Dongjoon Hyun updated SPARK-28148:
----------------------------------
    Affects Version/s:     (was: 2.4.3)
                       3.0.0

> repartition after join is not optimized away
> --------------------------------------------
>
>                 Key: SPARK-28148
>                 URL: https://issues.apache.org/jira/browse/SPARK-28148
>             Project: Spark
>          Issue Type: Improvement
>          Components: SQL
>    Affects Versions: 3.0.0
>            Reporter: colin fang
>            Priority: Minor
>
> Partitioning & sorting is usually retained after join.
> {code}
> spark.conf.set('spark.sql.shuffle.partitions', '42')
> df1 = spark.range(5000000, numPartitions=5)
> df2 = spark.range(10000000, numPartitions=5)
> df3 = spark.range(20000000, numPartitions=5)
> # Reuse previous partitions & sort.
> df1.join(df2, on='id').join(df3, on='id').explain()
> # == Physical Plan ==
> # *(8) Project [id#367L]
> # +- *(8) SortMergeJoin [id#367L], [id#374L], Inner
> #    :- *(5) Project [id#367L]
> #    :  +- *(5) SortMergeJoin [id#367L], [id#369L], Inner
> #    :     :- *(2) Sort [id#367L ASC NULLS FIRST], false, 0
> #    :     :  +- Exchange hashpartitioning(id#367L, 42)
> #    :     :     +- *(1) Range (0, 5000000, step=1, splits=5)
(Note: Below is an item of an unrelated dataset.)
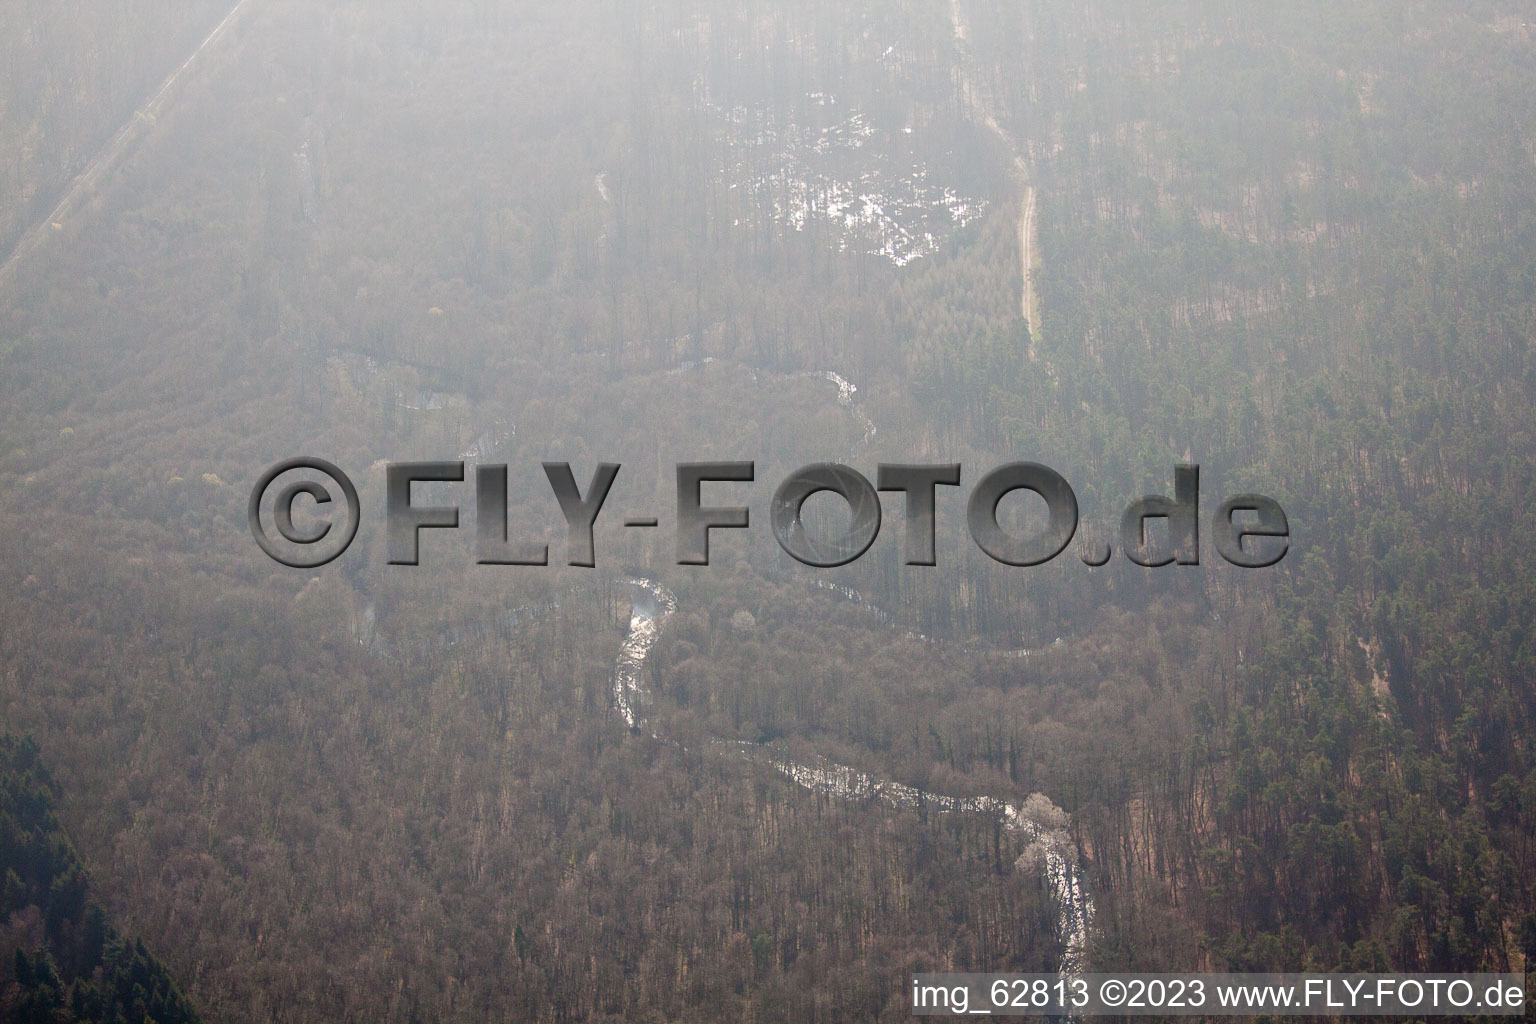 Mertzwiller im Bundesland Bas-Rhin, Frankreich aus der Luft betrachtet

> #    :     +- *(4) Sort [id#369L ASC NULLS FIRST], false, 0
> #    :        +- Exchange hashpartitioning(id#369L, 42)
> #    :           +- *(3) Range (0, 10000000, step=1, splits=5)
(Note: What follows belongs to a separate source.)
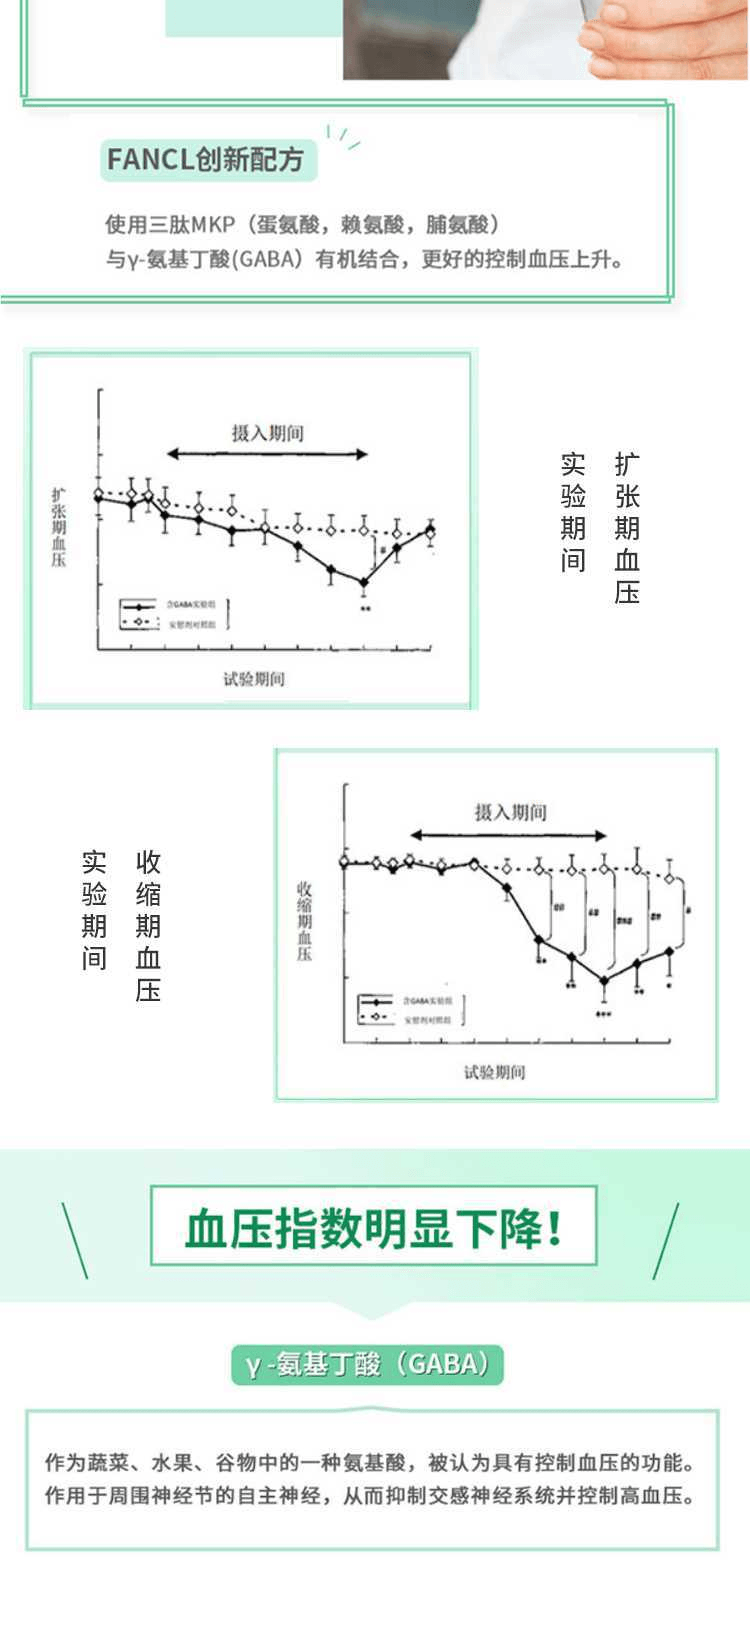 【日本直邮】FANCL芳珂 降低血压营养素 90片/30天量

> #    +- *(7) Sort [id#374L ASC NULLS FIRST], false, 0
> #       +- Exchange hashpartitioning(id#374L, 42)
> #          +- *(6) Range (0, 20000000, step=1, splits=5)
> {code}
> However here:  Partitions persist through left join, sort doesn't.
> {code}
> df1.join(df2, on='id', how='left').repartition('id').sortWithinPartitions('id').explain()
> # == Physical Plan ==
> # *(5) Sort [id#367L ASC NULLS FIRST], false, 0
> # +- *(5) Project [id#367L]
> #    +- SortMergeJoin [id#367L], [id#369L], LeftOuter
> #       :- *(2) Sort [id#367L ASC NULLS FIRST], false, 0
> #       :  +- Exchange hashpartitioning(id#367L, 42)
> #       :     +- *(1) Range (0, 5000000, step=1, splits=5)
> #       +- *(4) Sort [id#369L ASC NULLS FIRST], false, 0
> #          +- Exchange hashpartitioning(id#369L, 42)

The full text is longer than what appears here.